__What is needed__:
Leaving out the pictures, write out exactly each line from the line with "[ б/у ] Mizuno" through the close of the listing below.

__Given data__:
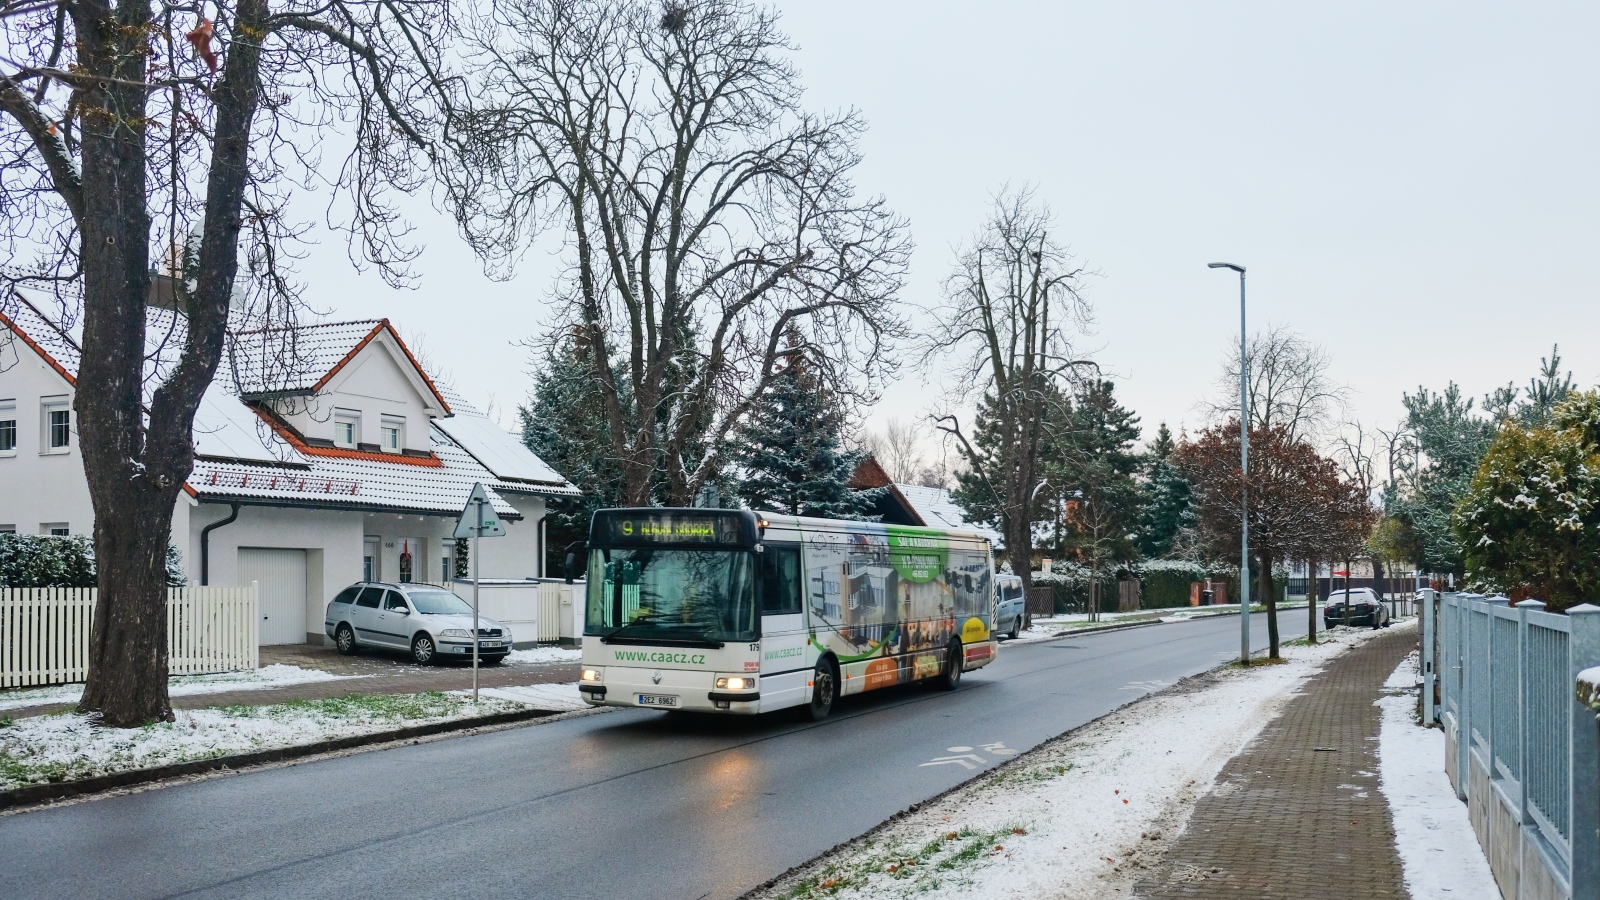 Pardubice, Karosa Citybus 12M.2071 (Irisbus) Nr. 179
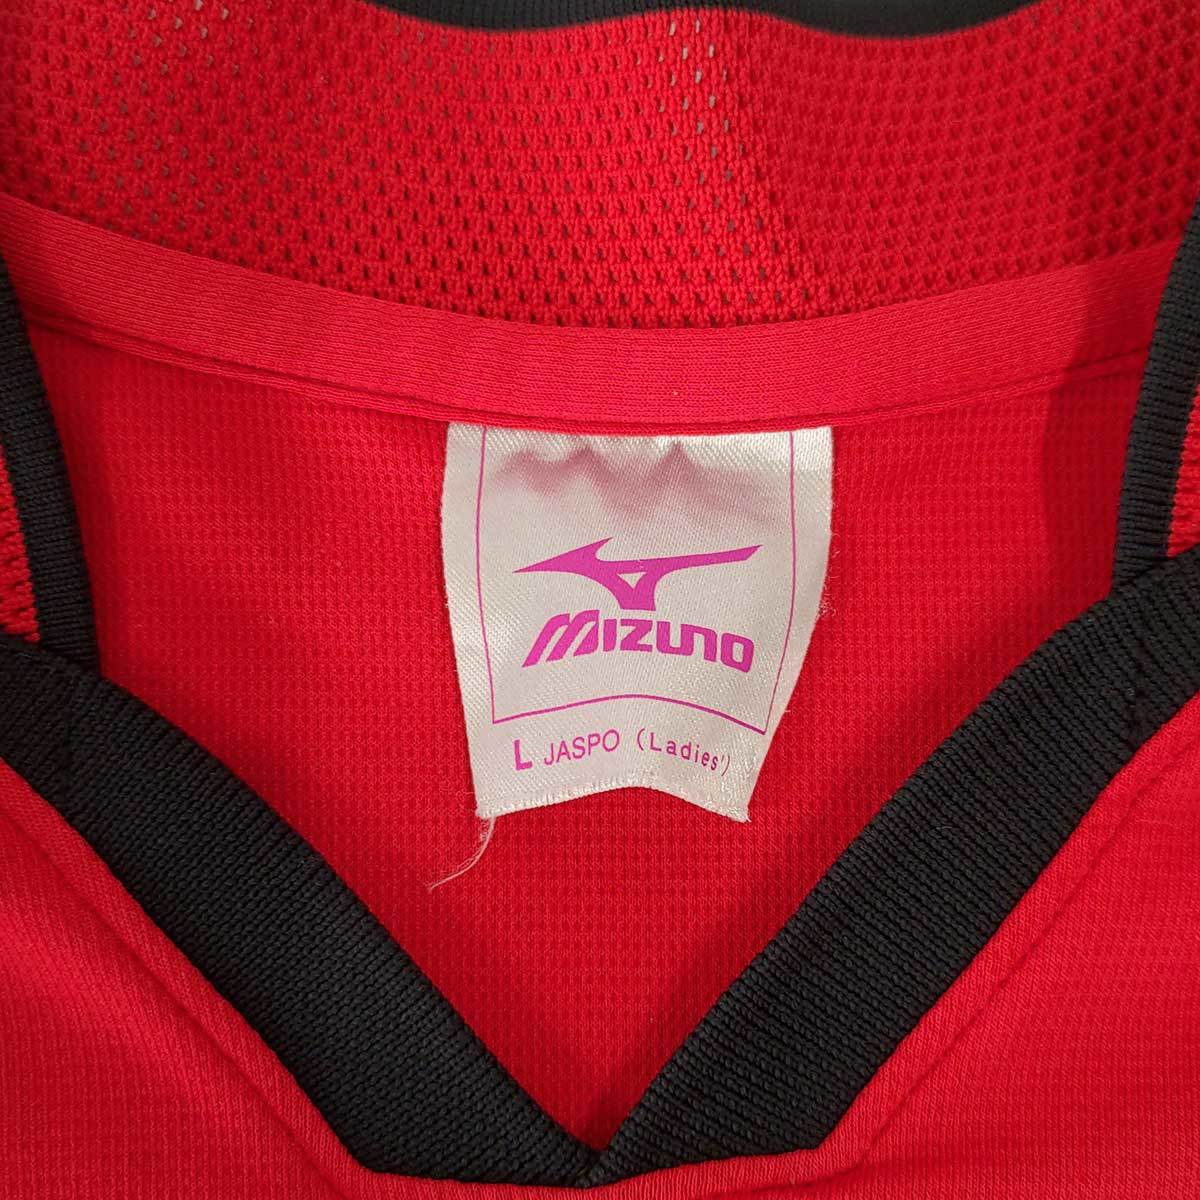 [ б/у ] Mizuno dry рубашка pra рубашка рубашка с коротким рукавом L красный женский MIZUNO спорт одежда 
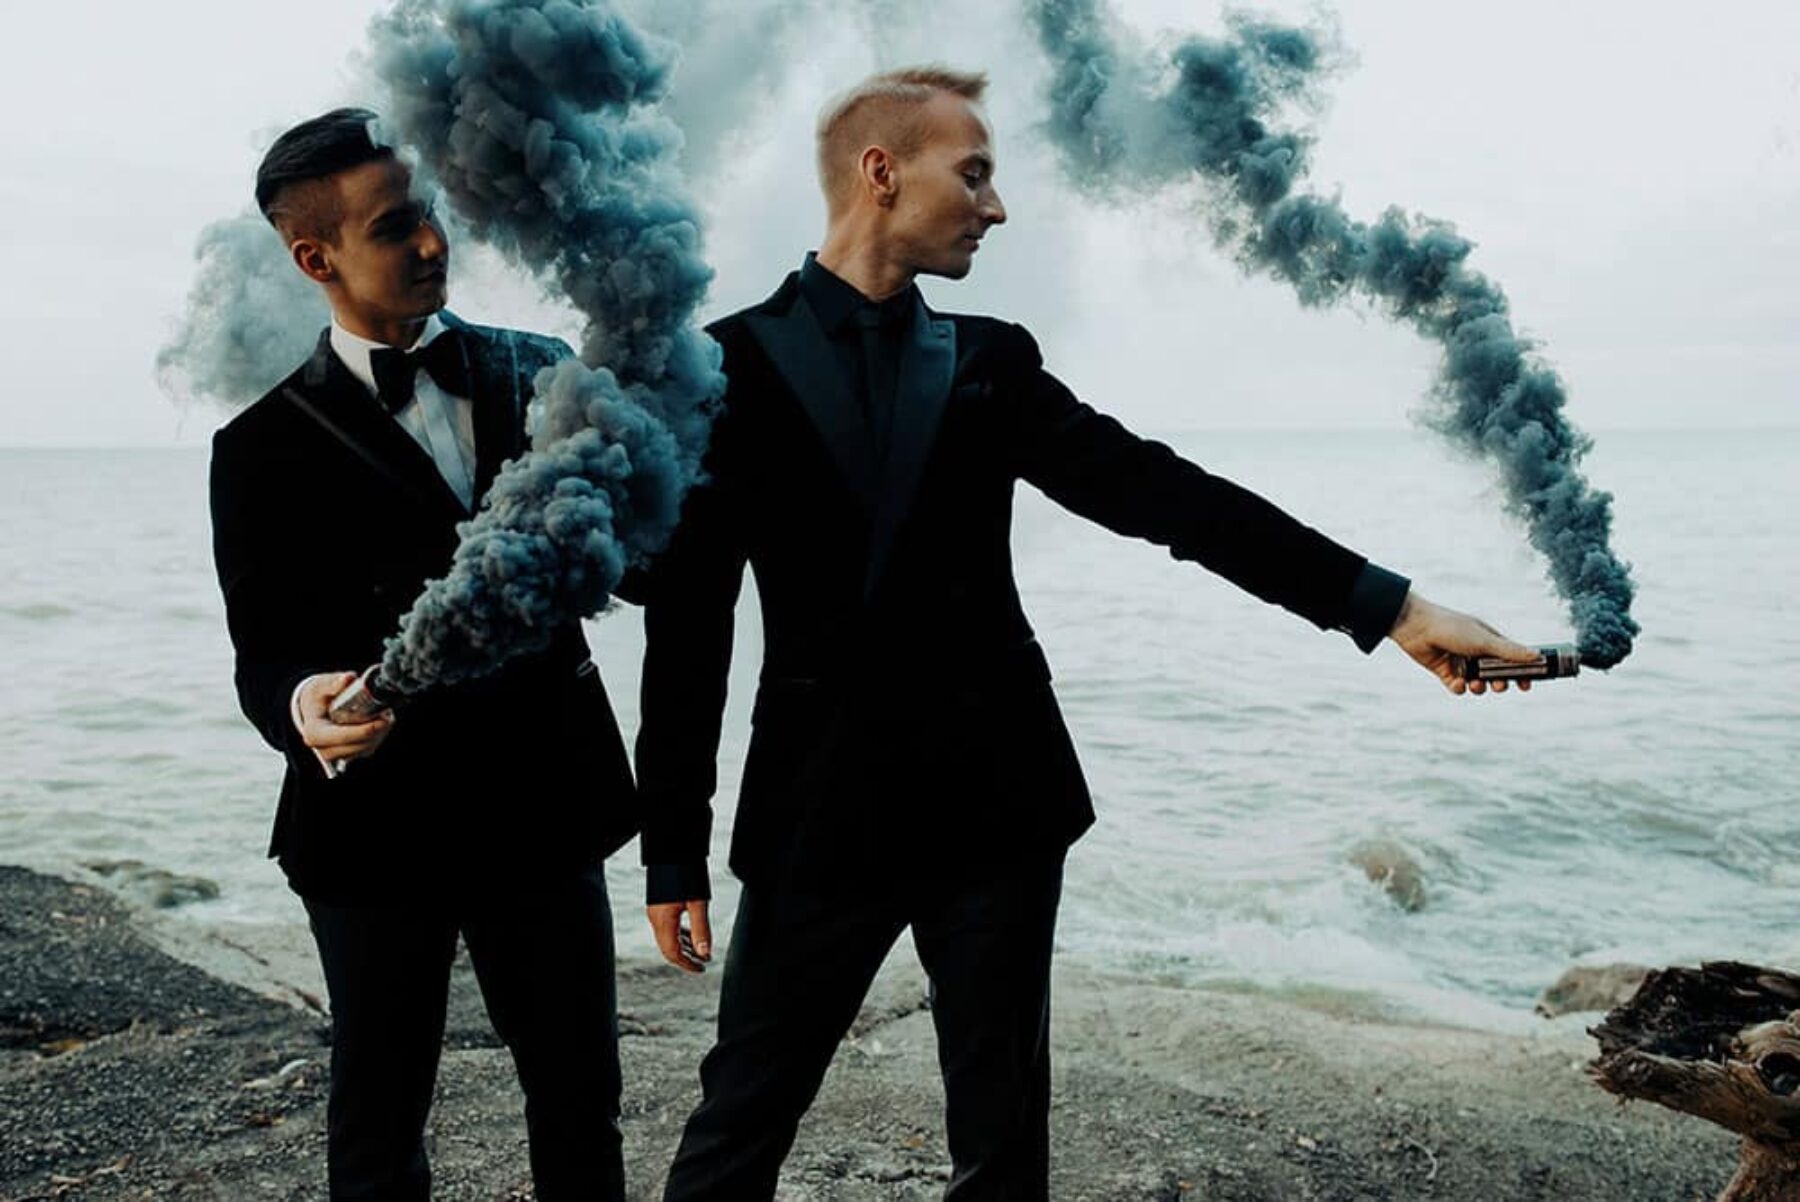 stylish gay wedding with smoke bombs
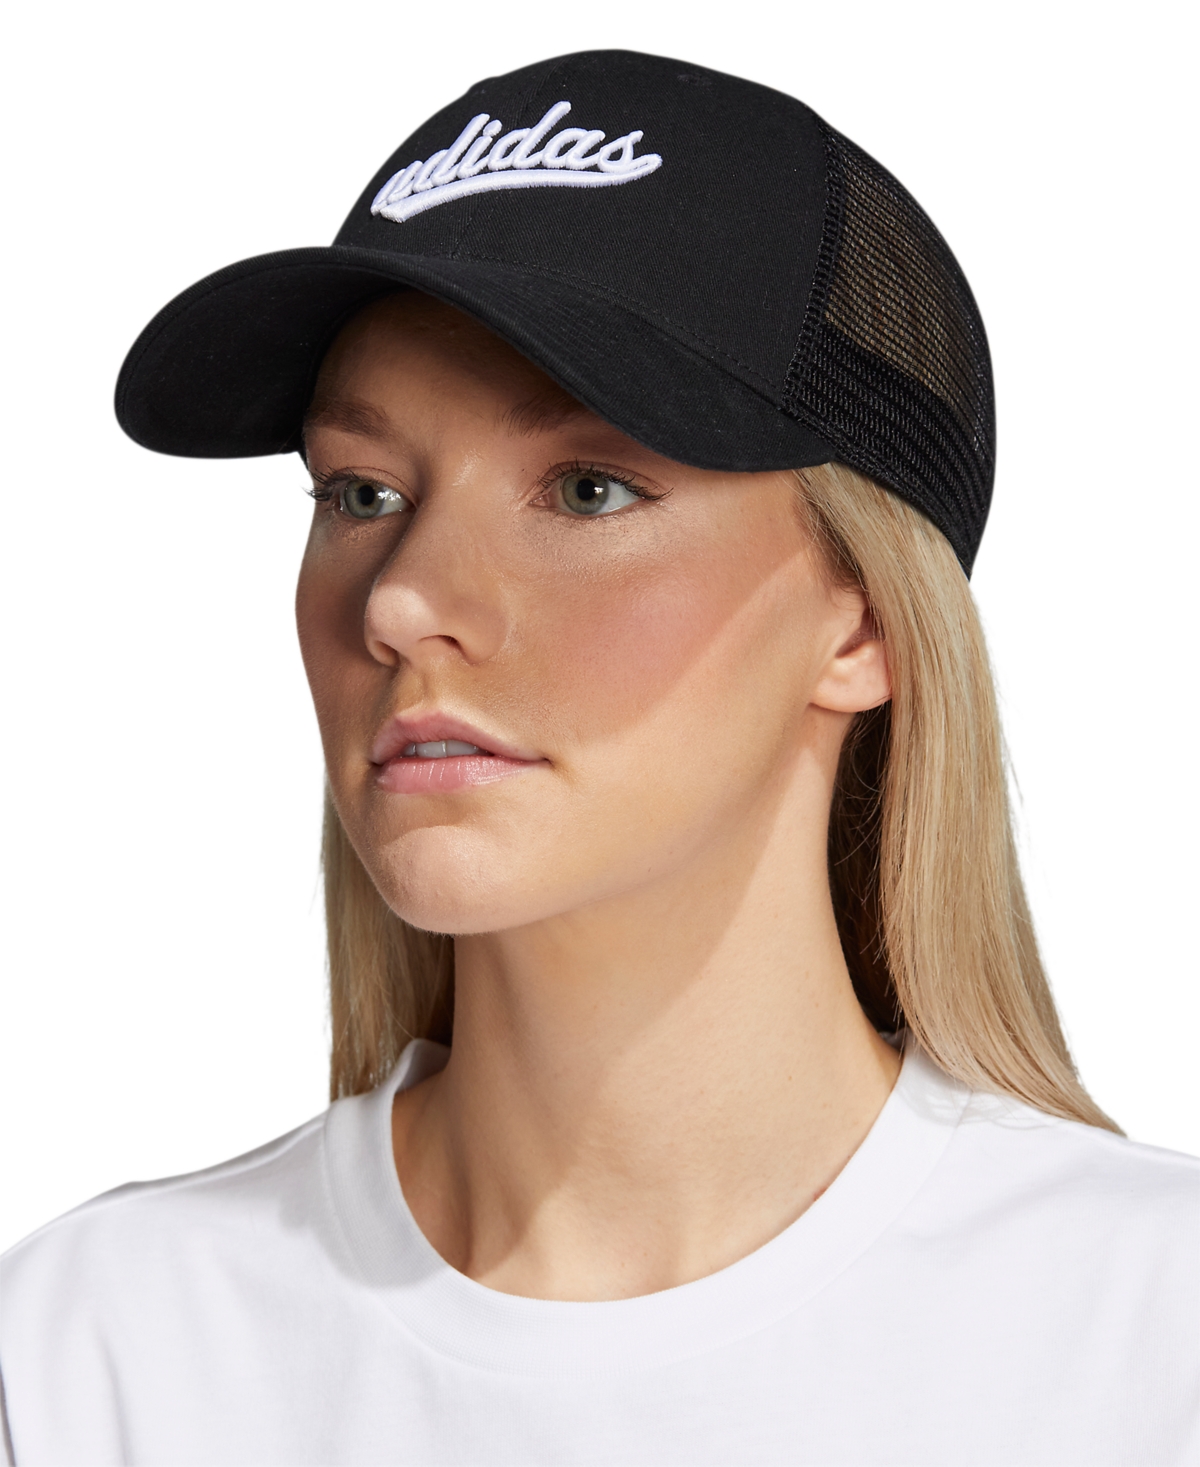 Adidas Originals Women's Embroidered Logo Mesh Trucker Hat In Black,white

__The completed task__:
 [ б/у ] Mizuno dry рубашка pra рубашка рубашка с коротким рукавом L красный женский MIZUNO спорт одежда 
 stylish gay wedding with smoke bombs
 Adidas Originals Women's Embroidered Logo Mesh Trucker Hat In Black,white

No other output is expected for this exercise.